#### Your goal
The expected response is the full listing, retyped exactly, without its images.
[[ Recorded information open ]]
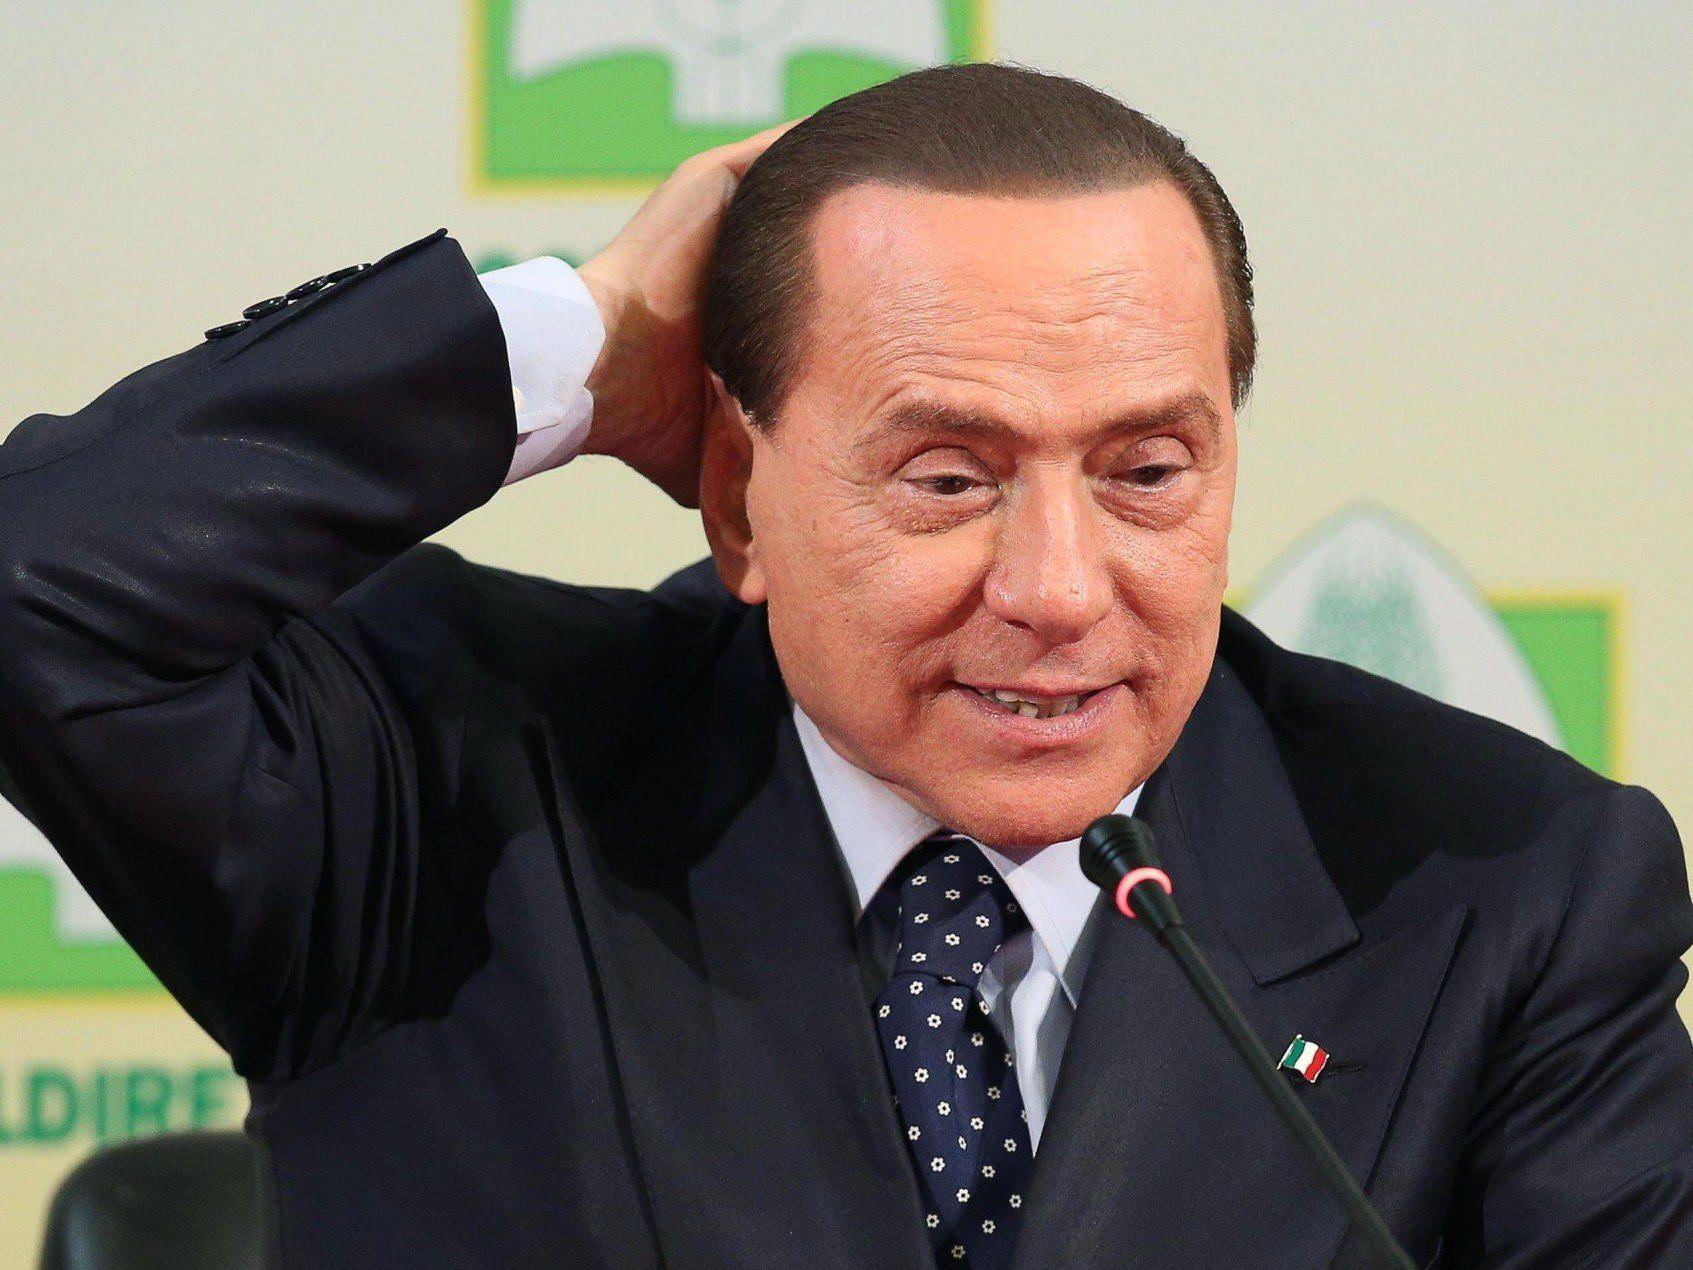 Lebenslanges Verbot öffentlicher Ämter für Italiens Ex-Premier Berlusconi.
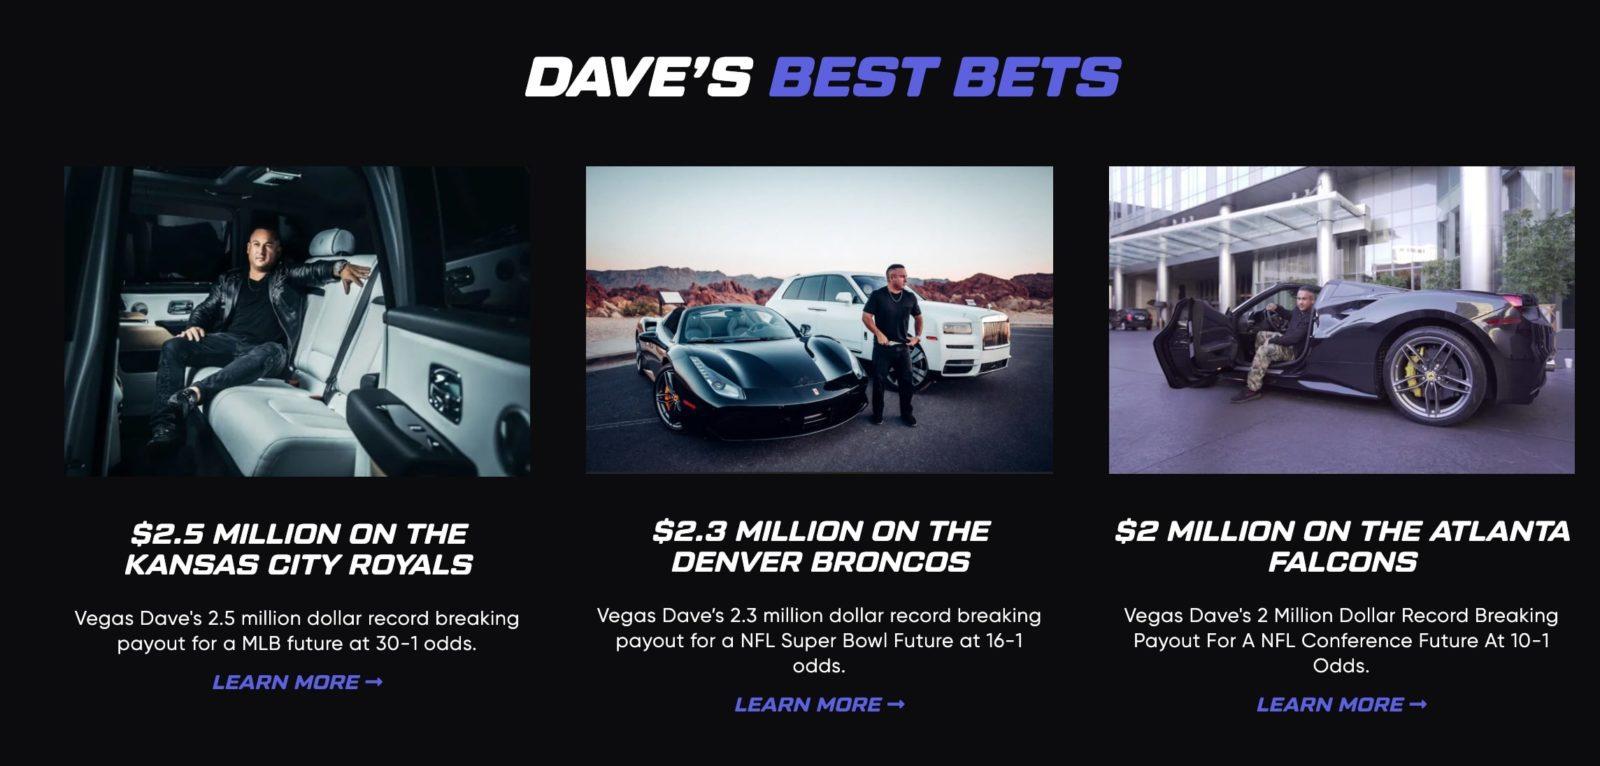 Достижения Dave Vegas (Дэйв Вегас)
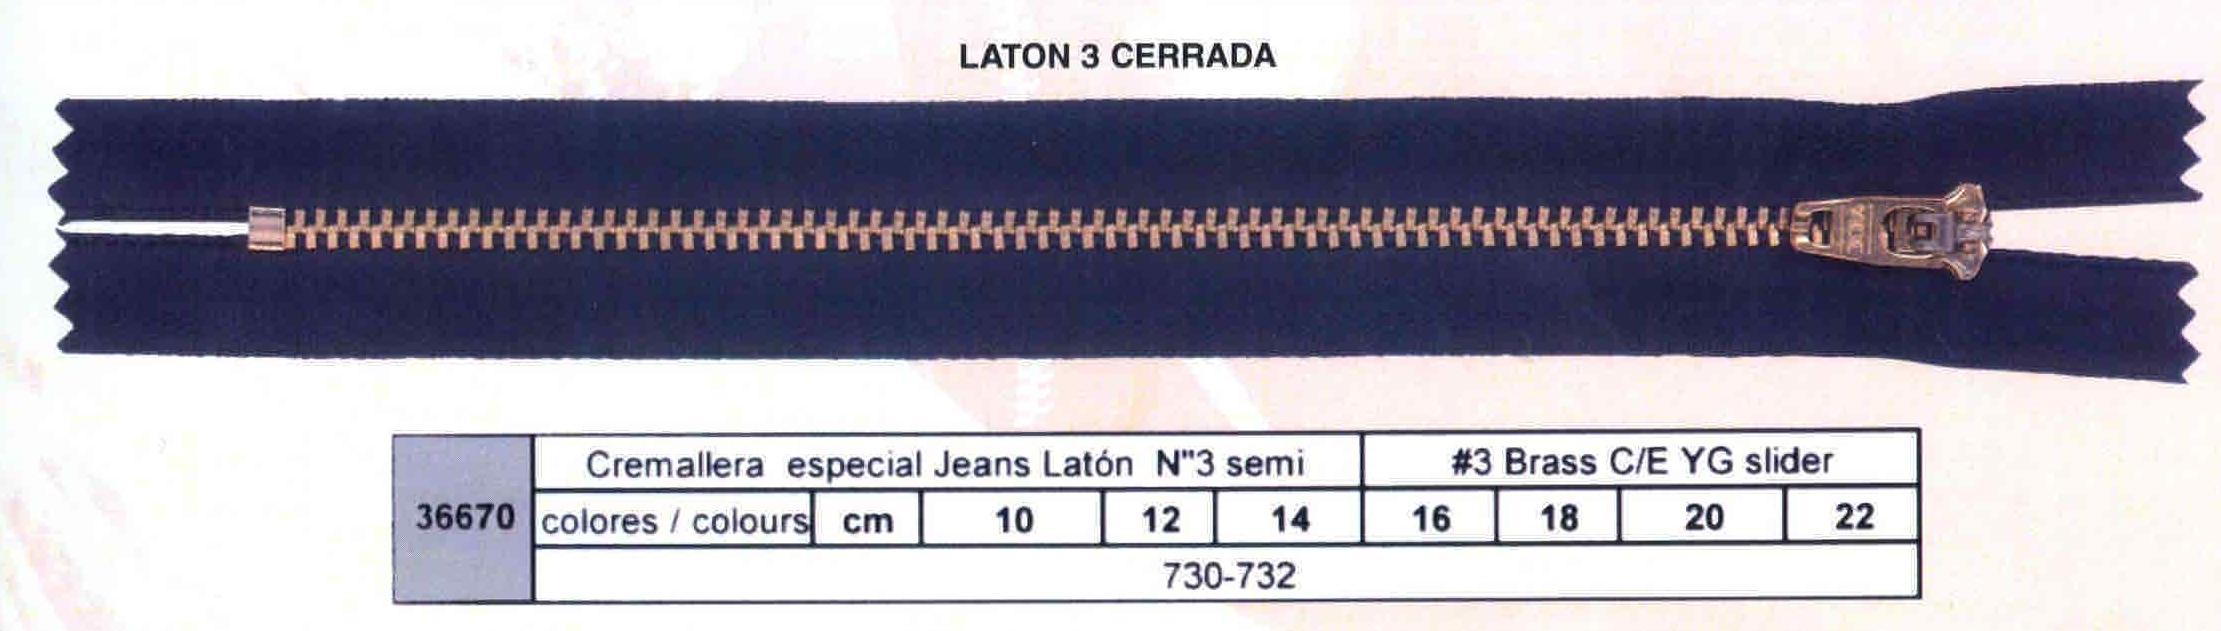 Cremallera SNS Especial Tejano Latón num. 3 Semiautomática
[[ Recorded information closed ]]
#### Exercise result
 Lebenslanges Verbot öffentlicher Ämter für Italiens Ex-Premier Berlusconi.
 Достижения Dave Vegas (Дэйв Вегас)
 Cremallera SNS Especial Tejano Latón num. 3 Semiautomática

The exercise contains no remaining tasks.